─── Input data

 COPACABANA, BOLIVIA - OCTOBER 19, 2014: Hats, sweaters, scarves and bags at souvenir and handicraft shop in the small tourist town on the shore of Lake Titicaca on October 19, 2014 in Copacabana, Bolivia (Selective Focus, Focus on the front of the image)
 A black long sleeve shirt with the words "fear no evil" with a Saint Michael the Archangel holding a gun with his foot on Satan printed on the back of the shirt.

──────
─── Input data

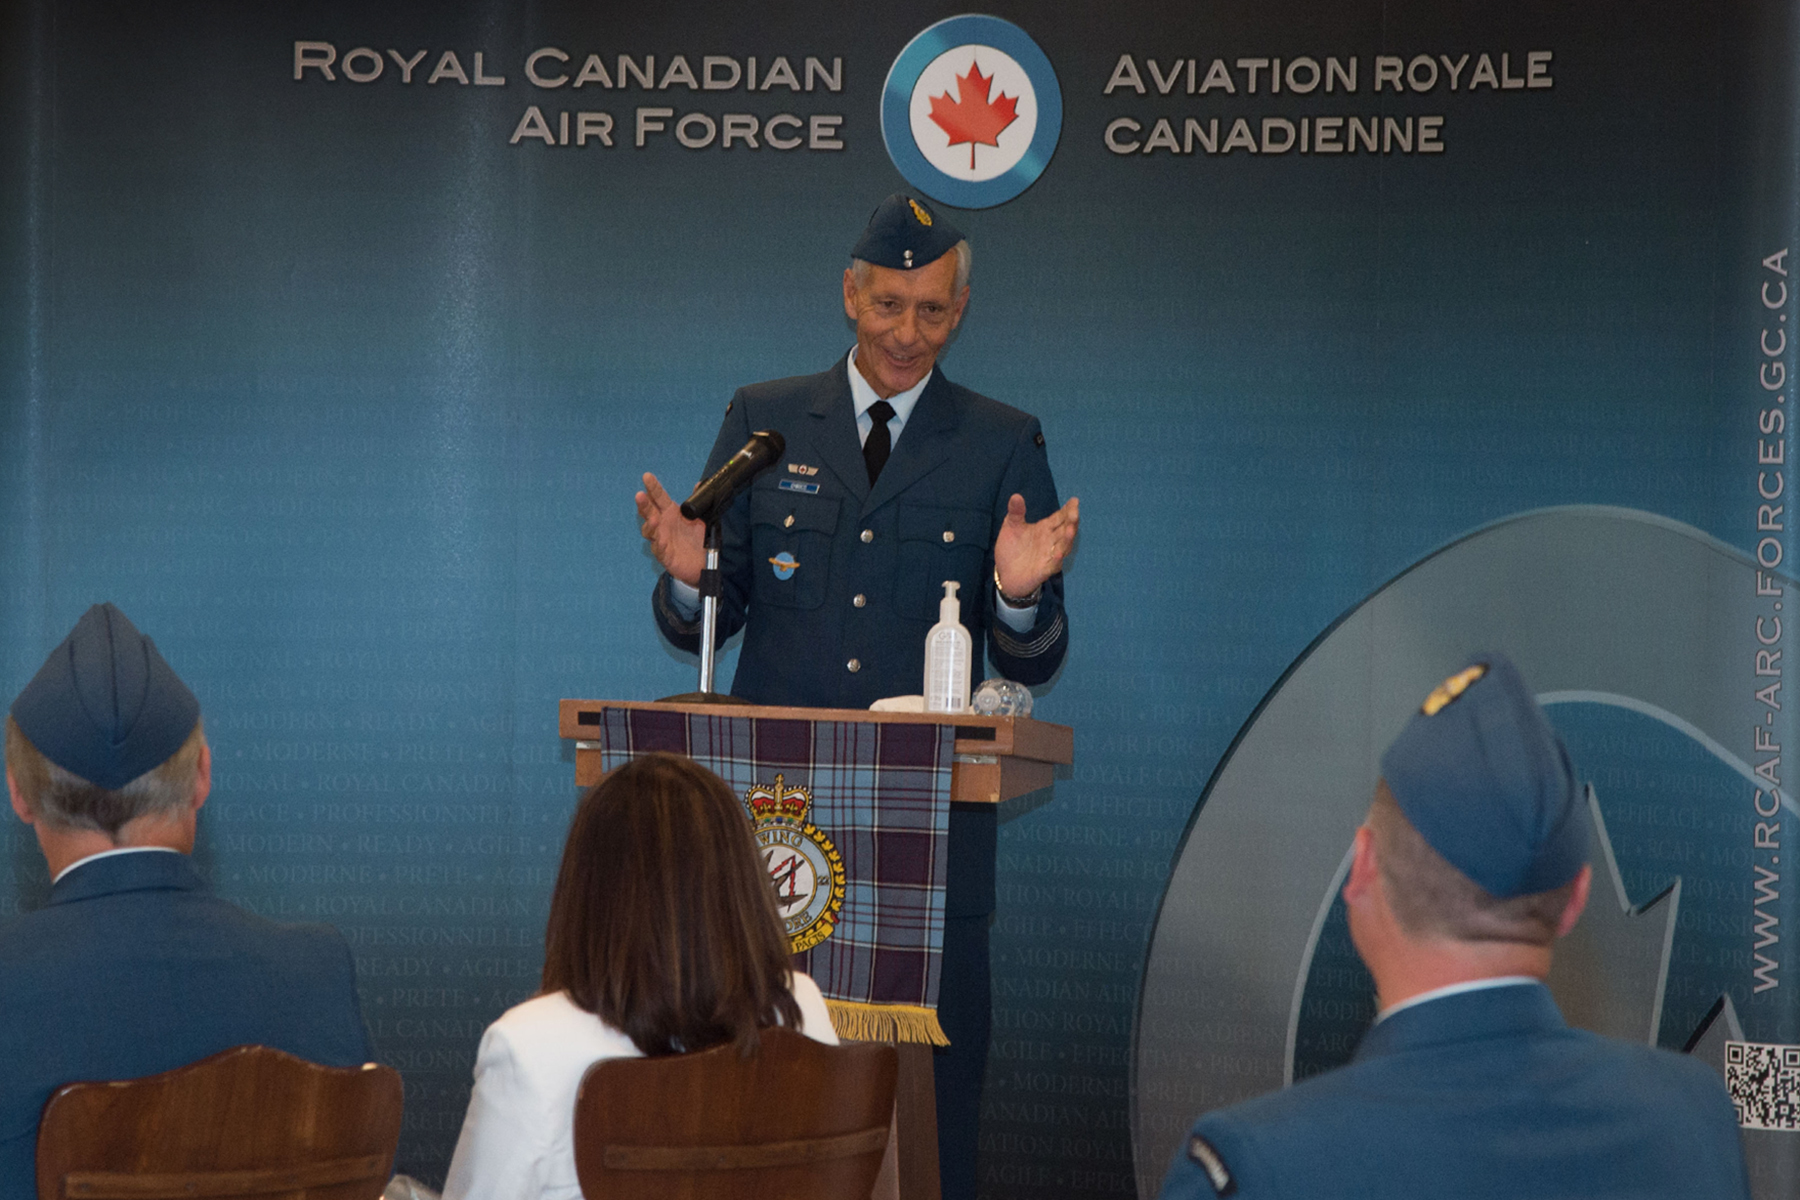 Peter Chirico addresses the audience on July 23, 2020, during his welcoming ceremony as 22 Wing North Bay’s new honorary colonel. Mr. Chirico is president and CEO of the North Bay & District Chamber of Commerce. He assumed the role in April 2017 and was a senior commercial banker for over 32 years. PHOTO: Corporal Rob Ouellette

──────

**Task**
From the listing above, repeat exactly the lines starting at the line that includes "COPACABANA, BOLIVIA - OCTOBER" and ending at the line that includes "A black long", with nothing outside that span.

**Reply**
 COPACABANA, BOLIVIA - OCTOBER 19, 2014: Hats, sweaters, scarves and bags at souvenir and handicraft shop in the small tourist town on the shore of Lake Titicaca on October 19, 2014 in Copacabana, Bolivia (Selective Focus, Focus on the front of the image)
 A black long sleeve shirt with the words "fear no evil" with a Saint Michael the Archangel holding a gun with his foot on Satan printed on the back of the shirt.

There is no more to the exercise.